Pressemitteilung, 29.06.2009
Befreiender Tabubruch
Theater-Ensemble ebenDIE führt „Das Fest“ auf

Zu seinem 60. Geburtstag hat der Patriarch und Unternehmer Helge Klingenfeldt-Hansen seine Familie und Freunde eingeladen. Obwohl seine älteste Tochter Linda erst vor wenigen Monaten Selbstmord begangen hat, möchte er feiern. Auch die drei verbliebenen Kinder von Helge und seiner Frau Else treffen ein: Christian, der Zwillingsbruder von Linda, betreibt ein Restaurant in Paris, lebt aber allein. Helene, die ständig neue Liebschaften hat, studiert Anthropologie. Der Sohn Michael ist das einzige Kind mit einer eigenen Familie. Er betreibt eine Bar im Hafenviertel. Auch seine Frau Mette ist mit angereist.

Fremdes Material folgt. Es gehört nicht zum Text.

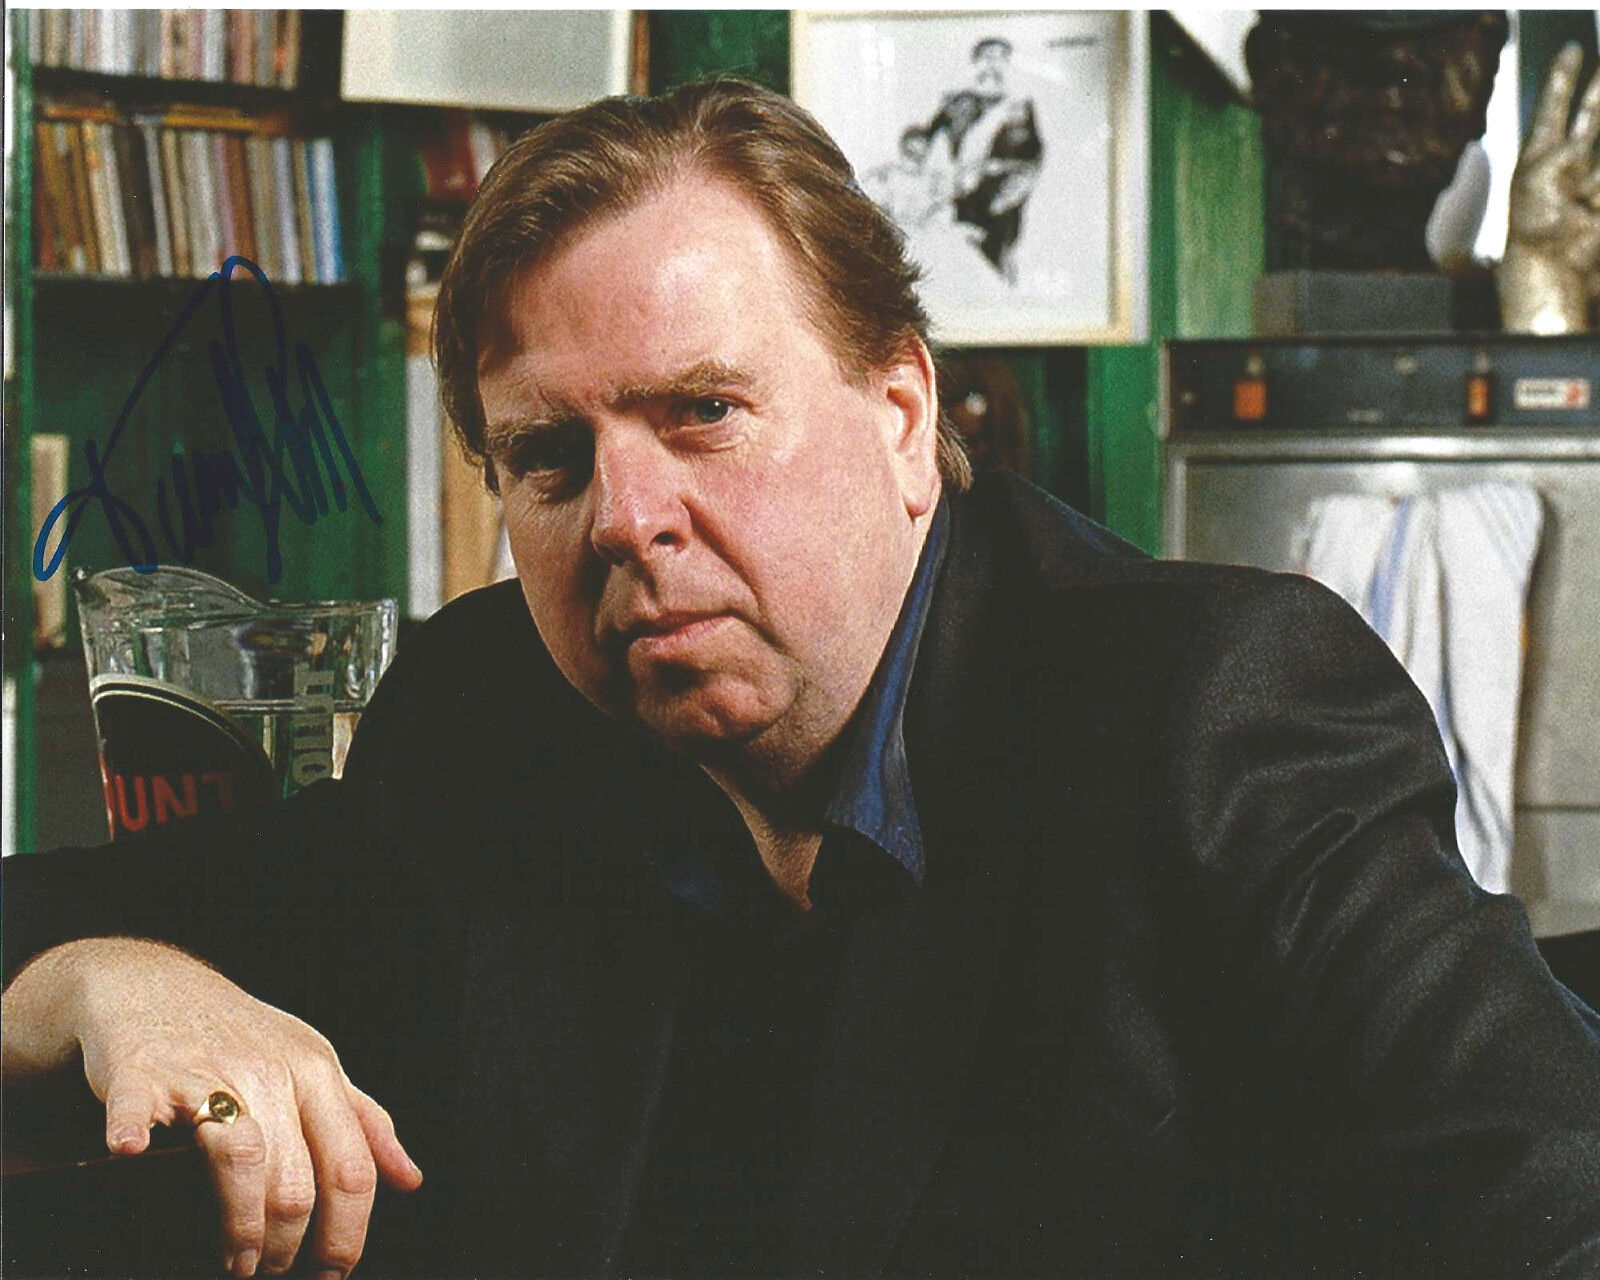 TIMOTHY SPALL SIGNED HARRY POTTER GOBLET OF FIRE 8X10 Photo Poster painting COA PROOF MR. TURNER

In seiner „Festrede“ klagt Christian den Vater des sexuellen Missbrauchs an ihm und seiner Zwillingsschwester Linda an. Seine Anschuldigungen schockieren die Festgesellschaft, dennoch feiert sie zunächst weiter, als sei nichts geschehen. Doch das ändert sich.

Thomas Vinterberg drehte 1997 den Film „Das Fest“ und entwickelte anschließend aus dem Drehbuch eine Bühnenfassung. Im Jahr 2000 wurde das Fest erstmals in Deutschland aufgeführt – in Dortmund und in Dresden. Vinterberg eröffnet in dem Stück ein Familiengeheimnis, eine große Lebenslüge. Lange wahrt die Familie den Schein und wehrt sich mit Ritualen, Ignoranz, Lügen und Schweigen gegen die furchtbare Wahrheit. Vinterberg zeigt jedoch unerbittlich, was die Menschen voreinander verbergen wollen.

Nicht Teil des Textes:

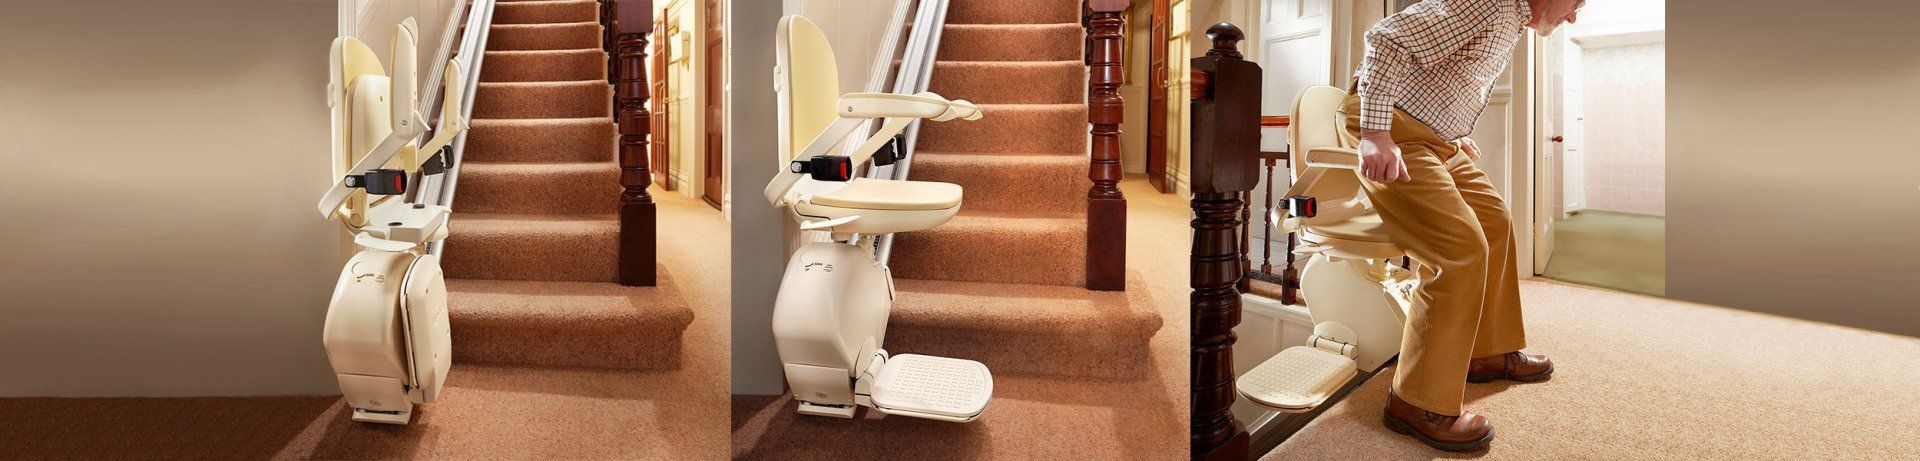 Brooks Stairlift - Three images

Die Figuren entziehen sich einer einfachen schwarz-weiß Beurteilung. Obwohl der Vater (Bernd Poßner) weder Schuld noch Scham zu kennen scheint, entpuppt er sich nicht als Monster, sondern er bleibt ein wehrloser, kranker Patriarch, der allerdings die von ihm vergewaltigten Kindern als „wertlos“ bezeichnet. Sein Sohn Michael (Hassan Aftabruyan) ist nicht einfach nur ein cholerischer Alkoholiker, sondern ein um Anerkennung buhlender sozial gestörter Mensch. Und Christian selbst (Michael Grünewald) legt eine Ruhe an den Tag, die seine Stimmung aus Verzweiflung und Zerrissenheit, aus Auflehnung und Aufschrei immer wieder aufblitzen lässt.

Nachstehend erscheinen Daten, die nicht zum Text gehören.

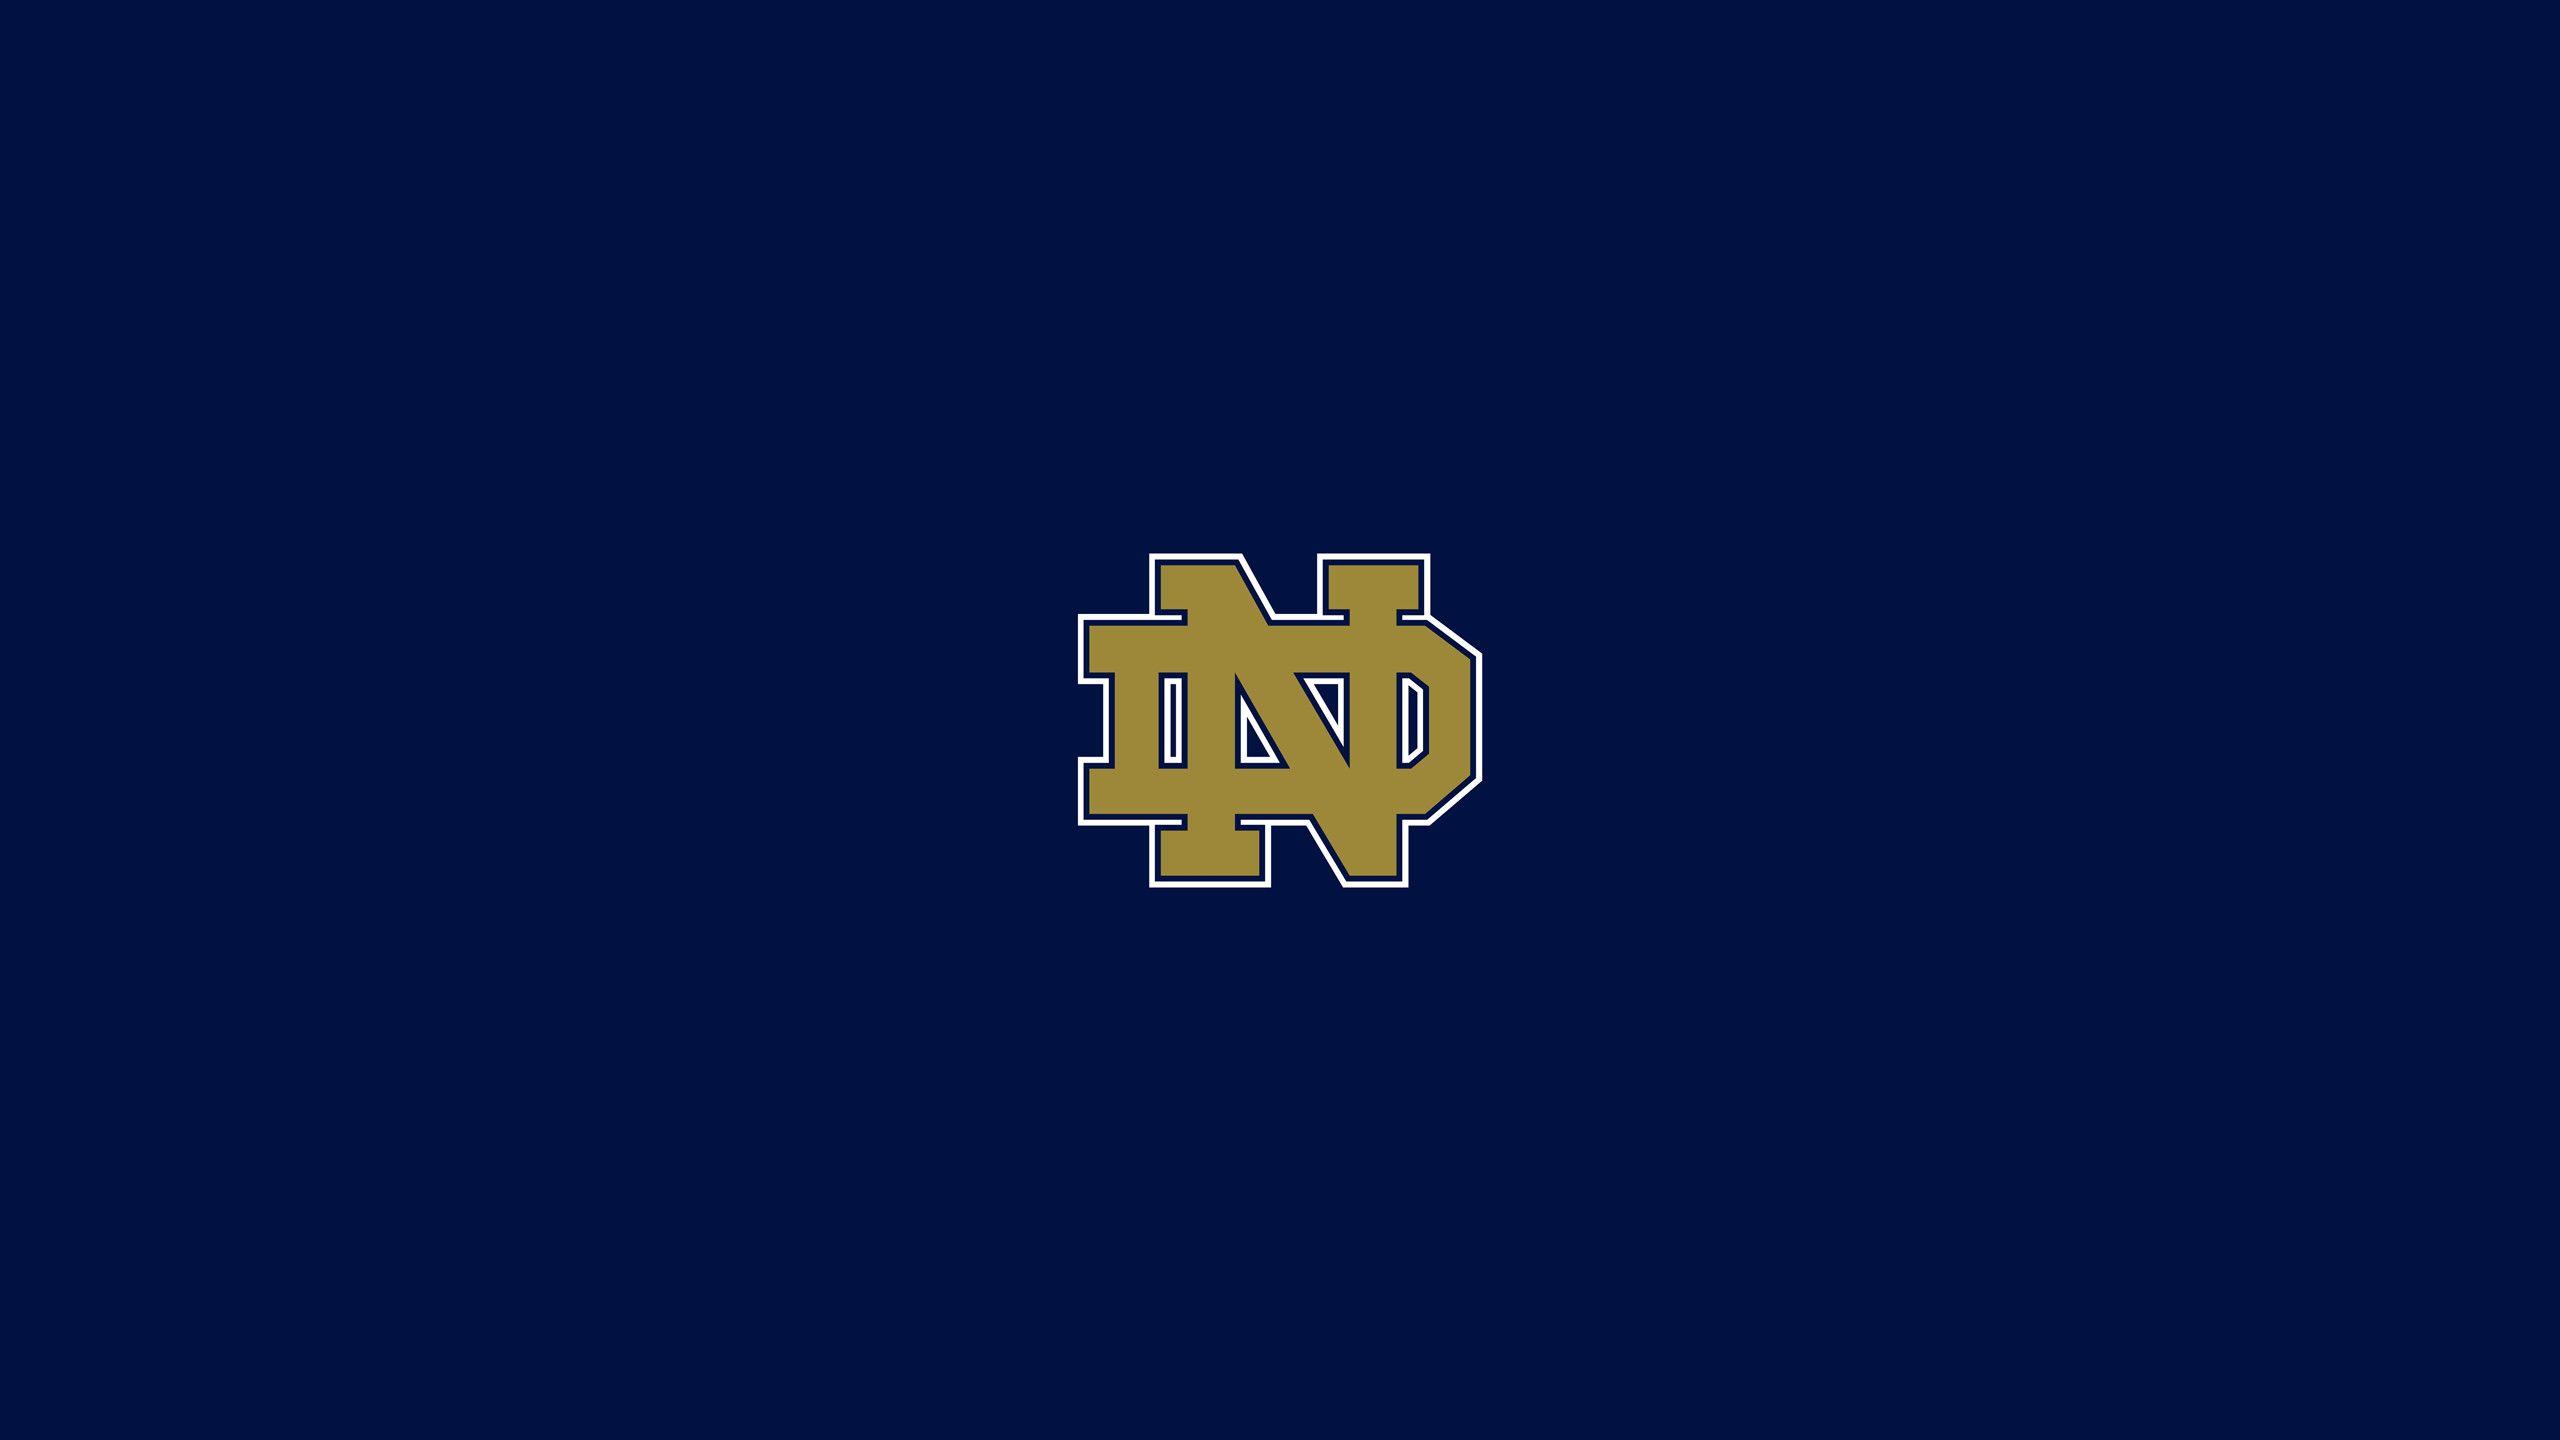 Notre Dame Football IPhone Wallpaper 65 images

Das Amateur-Theater ebenDIE hat sich das Stück für ihre fünfte Produktion ausgesucht. Es wird in der Kölner Theater-Nacht am 2. Oktober 2009 in Auszügen gezeigt werden und hat Premiere am 1. November 2009 in der neuen Comedia in der Vondelstraße.

Text: Thomas Vinterberg und Mogens Rukov
Aufführungsrechte: S. Fischer Verlag

Termin: Theaternacht am 2.10.2009, 23:00 Uhr
Ort: Arkadastheater, Bühne der Kulturen e. V., Platenstraße 32, 50825 Köln

Darsteller: Hassan Aftabruyan, Doris Bierganns, Jutta Ellinger, Ute Fahl, Christiane Flüter-Hoffmann, Michael Grünewald, Claus Hagenberg, Christiane Hartmann, Christina Heimann, Bernd Poßner, Antje Stobbe

Regie: Sabine Hahn (Kölner Theaterpreis 2005 für „Wir im Finale“ – Mitglied des Ensembles)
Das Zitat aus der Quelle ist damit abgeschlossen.